Question

Light is incident normally on the short face of a 30°-60°-90° prism (Fig. P33.50). A drop of liquid is placed on the hypotenuse of the prism. If the index of refraction of the prism is 1.56, find the maximum index that the liquid may have for the light to be totally reflected.

Short answer

The maximum index is 1.35 that the liquid must have for the light to be totally reflected.

Step-by-step solution

About Snell’s law.

We are given -30°-60°-90° as shown in the above figure. The refractive index of an optical material is expressed by n and represents the speed of light in the material. The prism is dropped by a drop of liquid and the ray is totally reflected; therefore, the incident angle is 90degree as the ray is incident normally.

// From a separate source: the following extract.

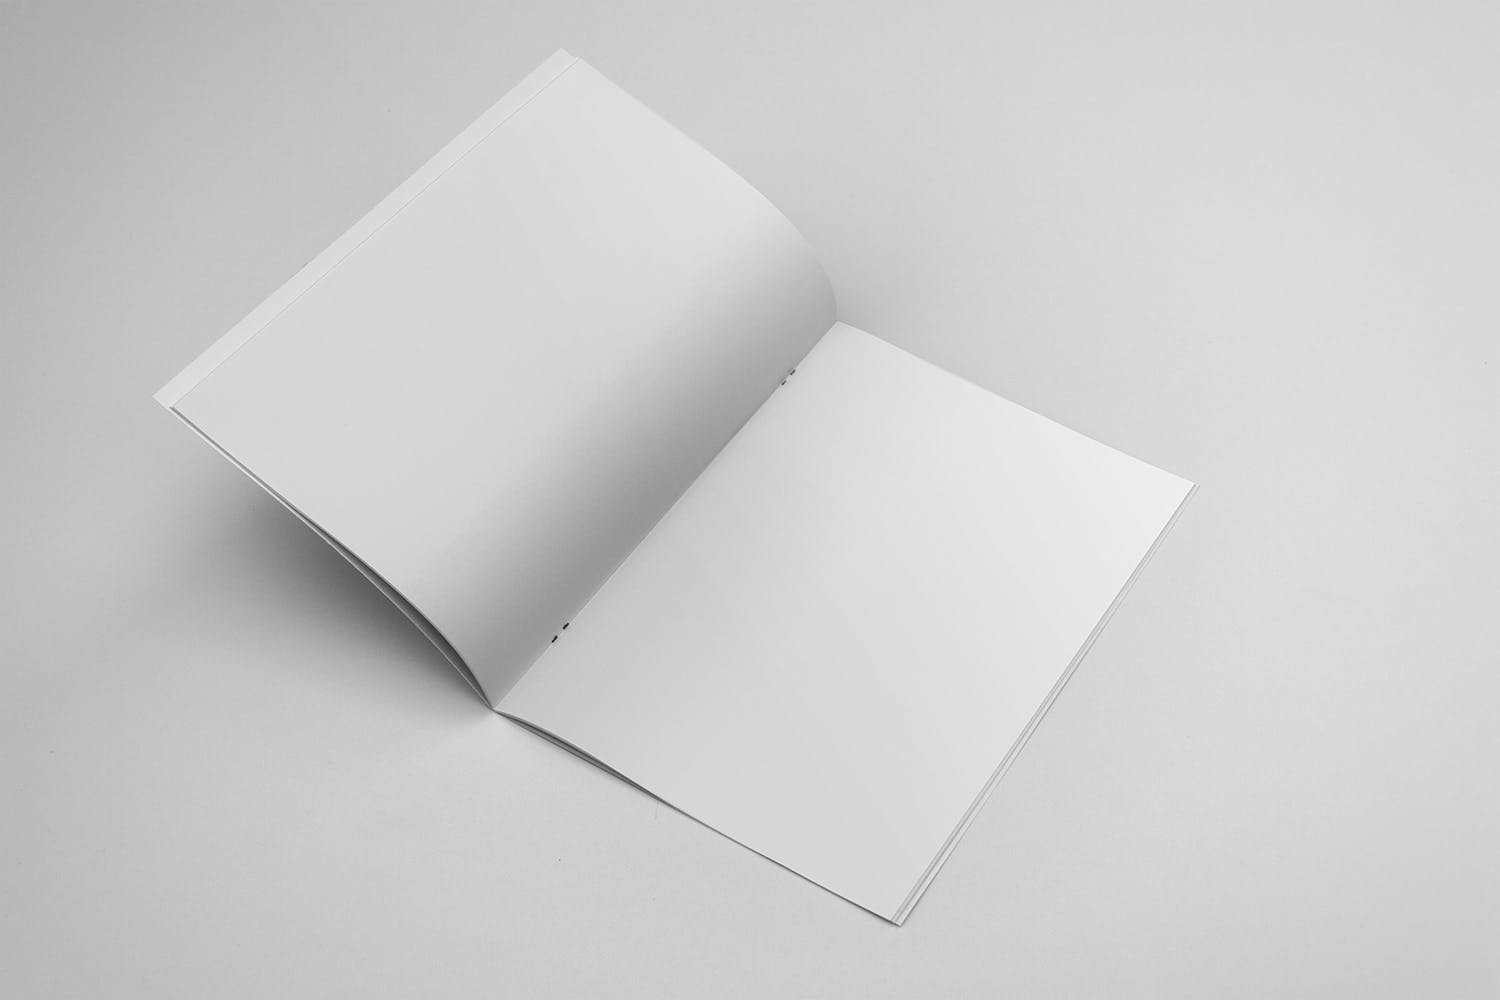 A4尺寸企业/品牌宣传册折叠页效果图样机非凡图库精选 A4 Brochure Mockup Folded Page插图(1)

Snell’s is given by the equation

$n_a\sin {\theta }_a=n_b\sin {\theta }_b$

Where ${\theta }_a$represents the critical angle which is 60°. $n_a$is the refractive index of the liquid. Now, solve Snell’s law for and substitute the values for $n_a,{\theta }_a,{\theta }_b$

$$\begin{gathered} n_b\&=\frac{n_a\sin {\theta }_a}{\sin {\theta }_b} \\ =\left(1.56\right)\left(\frac{\sin 60°}{\sin 90°}\right) \\ =1.35 \end{gathered}$$

Conclusion

Hence, the maximum index is 1.35 that the liquid must have for the light to be totally reflected.